If you think it is acceptable to only tax a specific group for a specific reason, or if a court should rule it constitutional, where do you think this practice will stop? Once the door is opened for the taking of property rights without just compensation and that taking cannot be contested, minority interest will get hit hard. At the MRNRD meeting some directors felt it was better to sacrifice the minority water users, which are the quick response and surface water irrigators, for a greater economic benefit of the majority of the irrigators of the district. It would not matter how long a ground water or surface water appropriation had been there. Even though there are all kinds of different classes of property and all have been assessed varying taxes, it would make no difference; all may lose their rights without just compensation. A simple example of what could then be forthcoming is farmers could be taxed for construction and maintaining some or all rural roads. If this is allowed to happen, Katy, bar the door! Certain roads would be closed because it is economically better for the general population to not maintain them. Small businesses could be closed, so the businesses with better locations or more political pull could prosper. This rational gives no credence to the length of time of ownership of a home, business, dryland farm ground, pasture, or irrigated land. Shutting off an individual's ground water pumping or taking their surface water appropriation not only destroys the amount of investment placed in/on the property, but leaves the costs, decreases the value of the land and takes away 2/3 of the income.

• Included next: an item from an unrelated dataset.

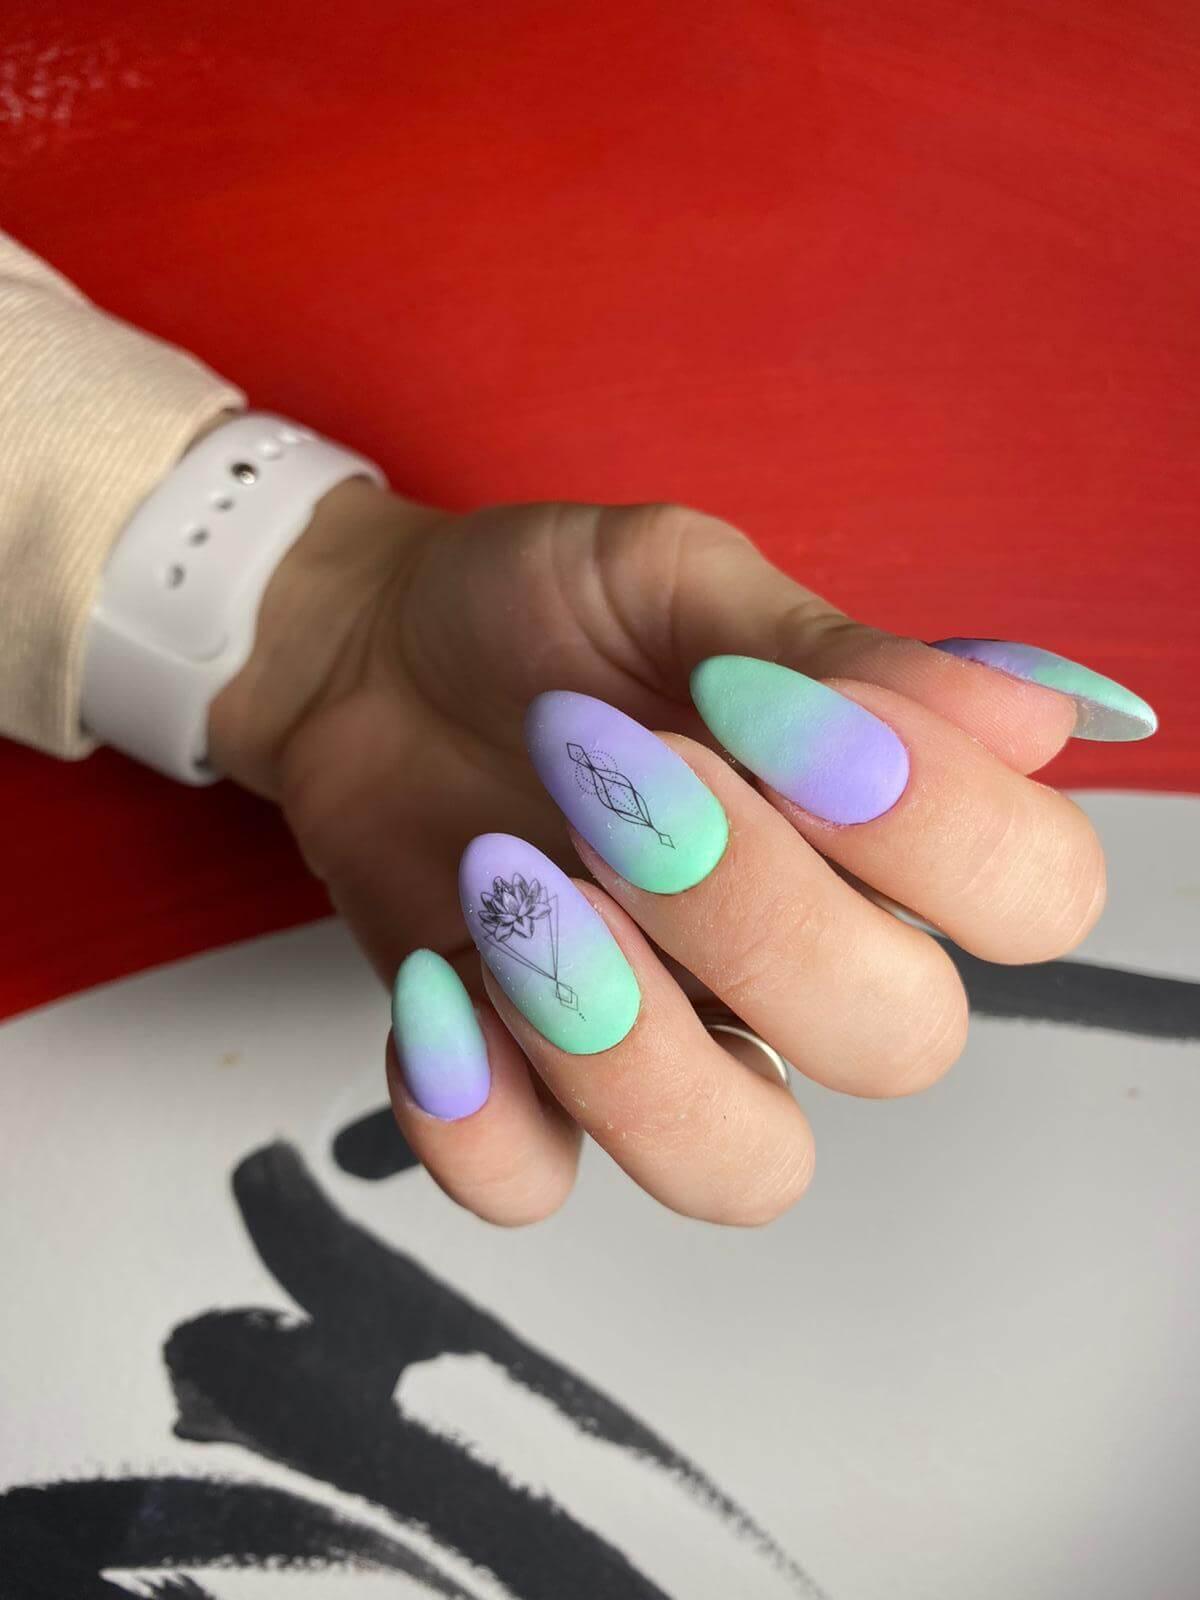 Ombre gel manicure

With the plan being mandated by the state, it makes no difference that the surface water irrigator has an 1890 water appropriation or an irrigator has a well that was drilled in 1935, they can be shut off with no just compensation. But with the plan from the state, an irrigator who drilled a well after 2000 or the NRD who adopted a management plan after LB 108 and added wells are able to continue to irrigate.

The seriousness of the problem can be summarized by the following. Although not precise, these numbers were given to me by Roger Patterson. Kansas gets 40% of the virgin water supply of the basin and has 400,000 ground water irrigated acres and is barely in compliance. Nebraska gets 49% of the virgin water supply and has 1,350,000 ground water irrigated acres in the basin. He also said each additional 24,000 ground water irrigated acres takes away an inch of allotment in the MRNRD.

As stated earlier, the problem has been caused by prior legislation and the legislature needs to correct it. Not only do the current proposals appear to be unconstitutional, these proposals will not remedy the problem but will only add to our problems.